Maxi loves feeling the wind blow through his fur, and this beach ... well it's a dog's delight for digging in, and this hound likes nothing better than to dig himself a good big hole.
In an alcove in the front facade of our old monastery there's a life-size Belén, a manger scene. It's beautiful when they light it up at night. There's a rumour that this old place was founded by Charlemagne during his campaign against the Moors. Whatever the way of it, the building feels as old as time itself and I'd be hard pushed to think of a better place to act out the Nativity.
Christmas keeps on rocking here until the Feast of the Epiphany (6th January). On the eve of Epiphany (the night of 5th January) Spanish children believe that the Wise Kings travel through the land bearing gifts for each boy and girl who's been good during the past year, just like they did for the baby Jesus all those years' ago. The naughty niños only get a piece of coal. These days the confectioners have got in on the act and most children get some joke carbón candy that looks just like a piece of the black stuff.

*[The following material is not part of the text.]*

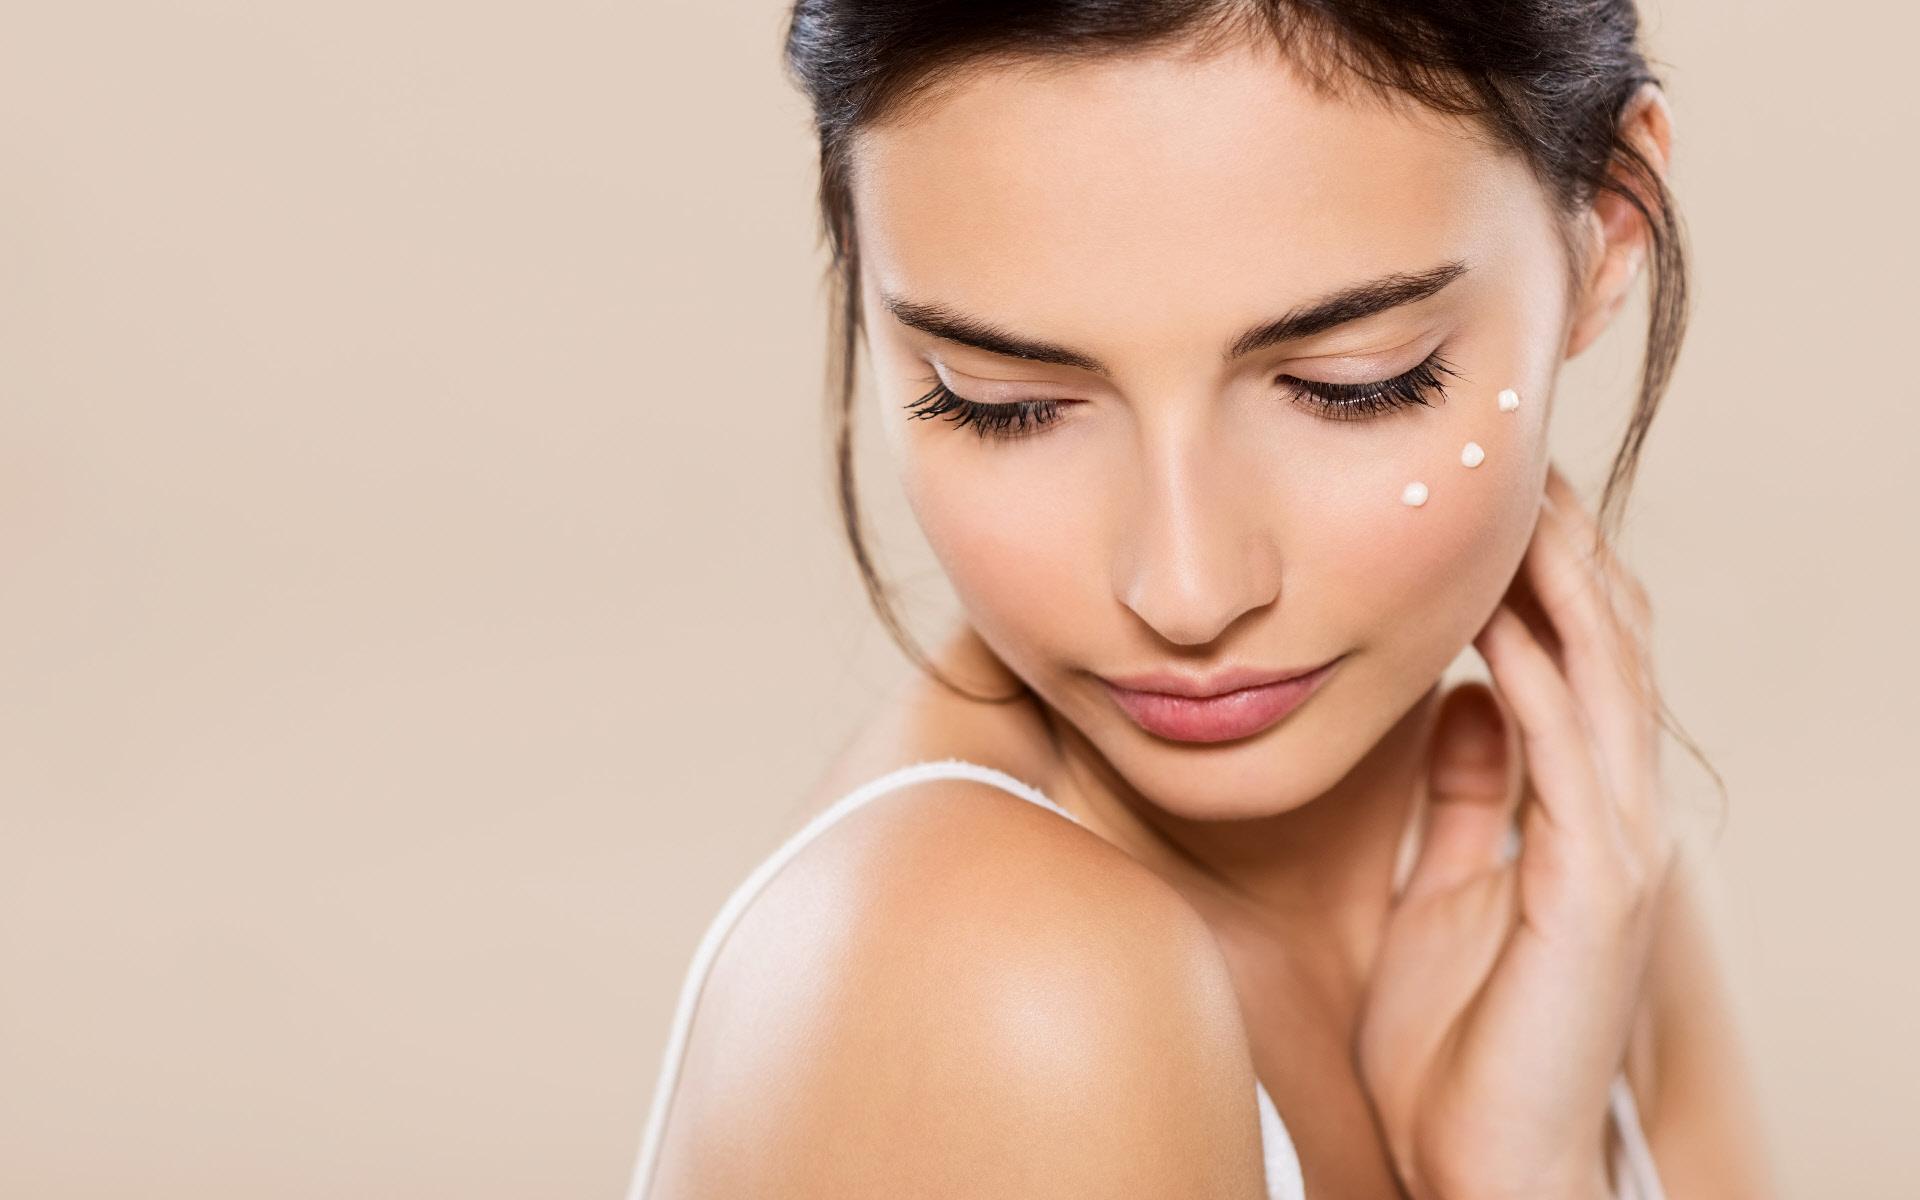 Ultra Beauty Salon 250 Godstone Road Whyteleafe Cr3 0ef 01883818290 Skin Care Ultra Beauty Salon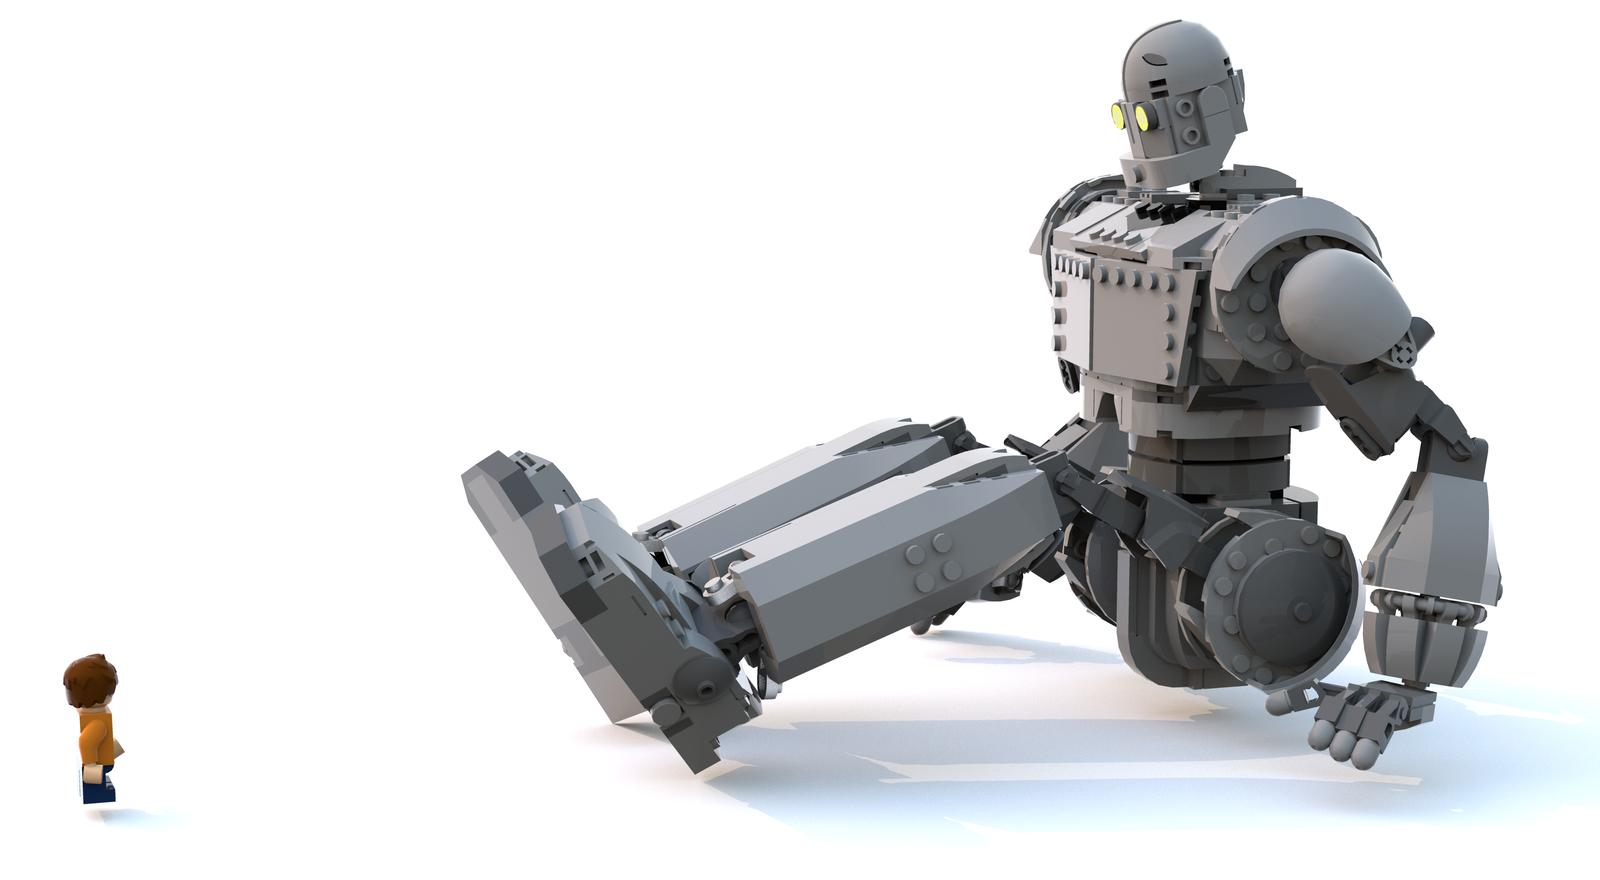 lego-ideas-the-iron-giant-20th-anniversary-edition-brettcuv-4 zusammengebaut.com

On Sunday night we've got a special village parade when the Wise Kings show up to collect the children's letters, and then on Monday night there's another parade, the Cabalgata de los Reyes Magos. Sadly we're not going to be able to stick around for this one. It's the main event. Gaspar, the King of Sheba, bearing Frankinscence and dressed in green, Melchior, the King of Arabia, bearing gold and dressed in white, and, finally, Balthazar, the King of Egypt, dressed in purple and bearing myrrh, will together lead the Epiphany parade.
In our village it's a really big deal. The whole community turns out, and the Wise Kings process through the village on horseback. Tractors pull floats of various others in Biblical scenes and everyone who is part of the parade has a HUGE stash of bonbons, which they throw to the crowds of children, who come clutching plastic shopping bags to hoover them all up and carry them home.
It's all a bit mad, but totally brilliant: an affirmation and a celebration of life, regardless of which, if any, faith you follow. I can't see any theological basis for chucking bucketfuls of candies at the kids, but it's great fun and enthusiastically followed by everyone, including the Muslim children of the village's immigrant community from North Africa, who are out there with their plastic bags hoovering up sweets with the best of them. Over here Christmas is for everybody, which is just as it should be.
The other thing that totally blows me away at this time of the year is the citrus harvest. I know I ought not to be surprised, I've been enjoying Christmas clementines since November, but it's such a strange thing to find trees that produce fruit in the middle of the winter cold. And they're all over the village: oranges trees and lemon trees bearing the most most wonderful orange and yellow fruit in quiet corners of town gardens.
And then, at the end of the day, as the darkness falls and the Tramuntana blows more fiercely the best thing to do is curl up in front of a roaring fire with a nice bottle or Rioja and a good movie. Tonight we're watching Dead Poets Society, which is one of our favourites.